Two health junkies find a home on their health conscious farm
Every morning, Andrea Martin and Tony Kennette wake up to a 137-acre piece of property, where you’ll find lambs, chickens and fresh veggies.
The duo are the owners of Martenette Farms in Hillsborough, where they lease five of those acres. The name is a play on both of their last names.
Martenette Farms, which was founded two and a half years ago, produces mixed greens, carrots, spinach and baby kale throughout the year, and in the summer months, tomatoes, peppers, onions, and zucchini. In the next few years, they’re looking to grow more fruits. They’re currently in the midst of transitioning to fully organic.
Martin is the mastermind behind the farm, Kennette said.
“I’m out in the field following her orders,” Kennette said. “This is her brainchild.”
Martin, 35, and Kennette, 39, both are naturalists. Martin studied medicinal herbs at Bastyr University in Washington, and she’s also a massage therapist. Kennette went to school for massage therapy, and currently works as a yoga teacher. He also owns his own photography and video production company.

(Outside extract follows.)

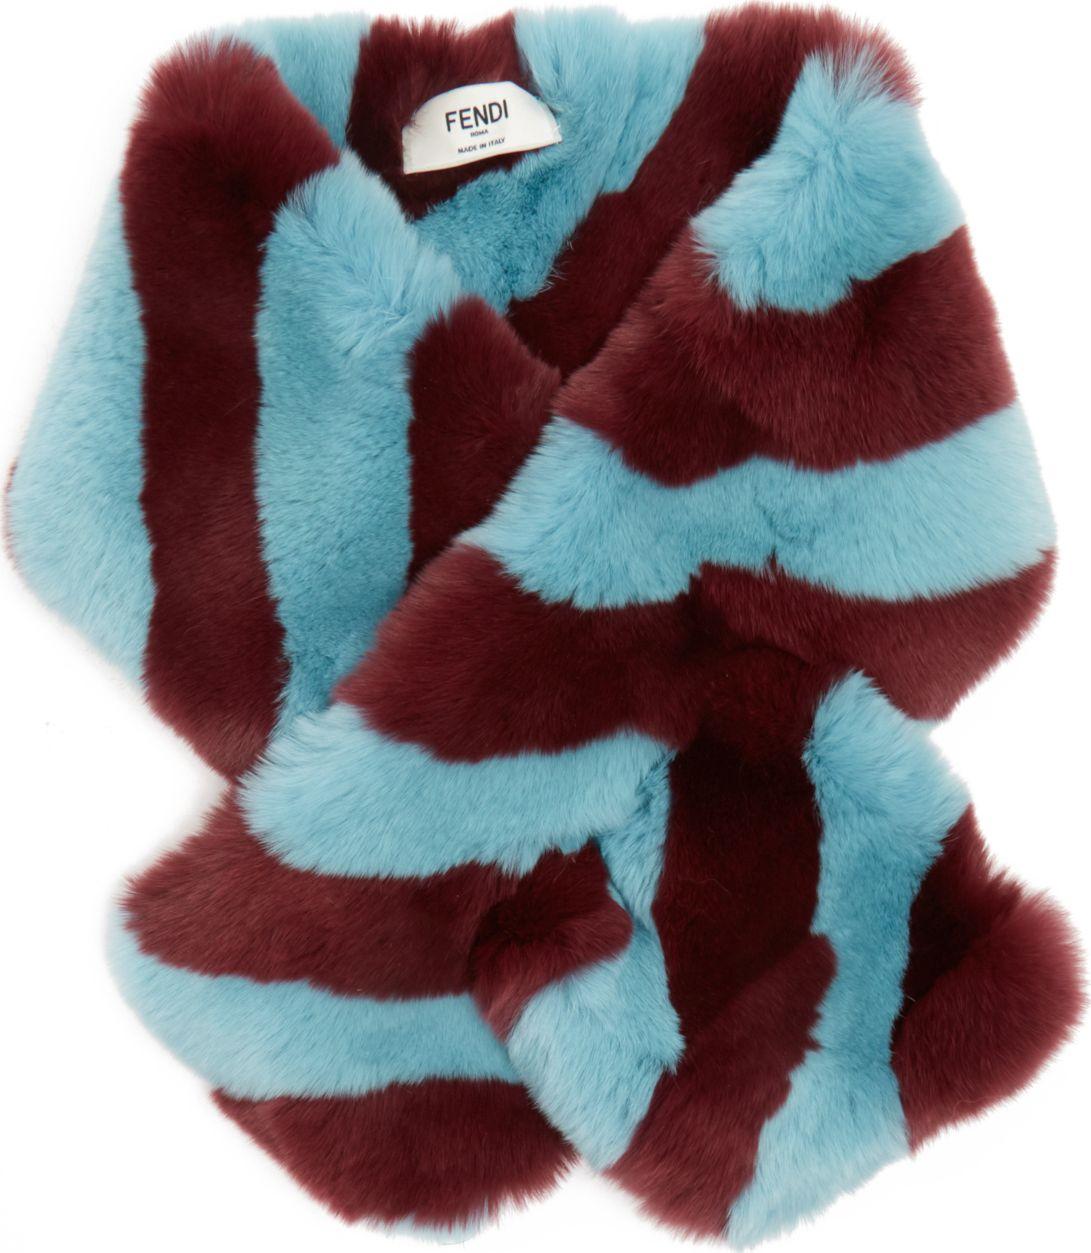 Fendi - Striped fur collar

Kennette’s venture into the health world all stemmed from his extracurricular activities. He’s a self-proclaimed adrenaline sport junkie — he loves skateboarding, snowboarding.
“That’s why I started learning more about massage and holistic health. It started with, ‘How do I maintain my body?’ ” Kennette said.
The farm is tractor free, and most of the work is done completely by hand. They’re located on Sourland Mountain Preserve.
“We both work off the farm (during the day) so sometimes it’s just like, ‘God I can’t wait to go back to the farm,’ ” Martin said. “I love the work. It definitely has its (stressful) moments — particularly getting ready for the market and trying to race against the clock. I harvested and washed and bagged (our mixed greens) all this morning. It can be rough, but it’s also really nice.”
Martin wasn’t always health conscious. She said at 18 she was probably eating junk food and smoking too many cigarettes.
At the age of 30, she decided she needed a change. She began working on farms, and discovered she loved the environment.
“We need to know how to take care of our own bodies,” Martin said.
Martenette Farms also partners with Project P.U.B., a farm to table restaurant in Somerville. Every month, the restaurant has a different brewery take over the tap, and every season, the menu changes with fresh produce.
The chef alters the menu to focus on what Martenette’s growing.
In September, the highlight of the menu is Martenette’s lambs, Kennette said.
“What’s strange is I’m a vegetarian,” Kennette said. “So that’s how quality raised these animals are — they’re getting raised by a vegetarian.”
Kennette has two sons, who helped out around the farm last year.
“They’re 12 and 15 so they hate it,” Martin, their stepmother, said, “but then I watch them and they’re Snapchatting a picture of a lamb. It’s like OK they think it’s kind of cool. They just don’t think Dad and Andrea are very cool.”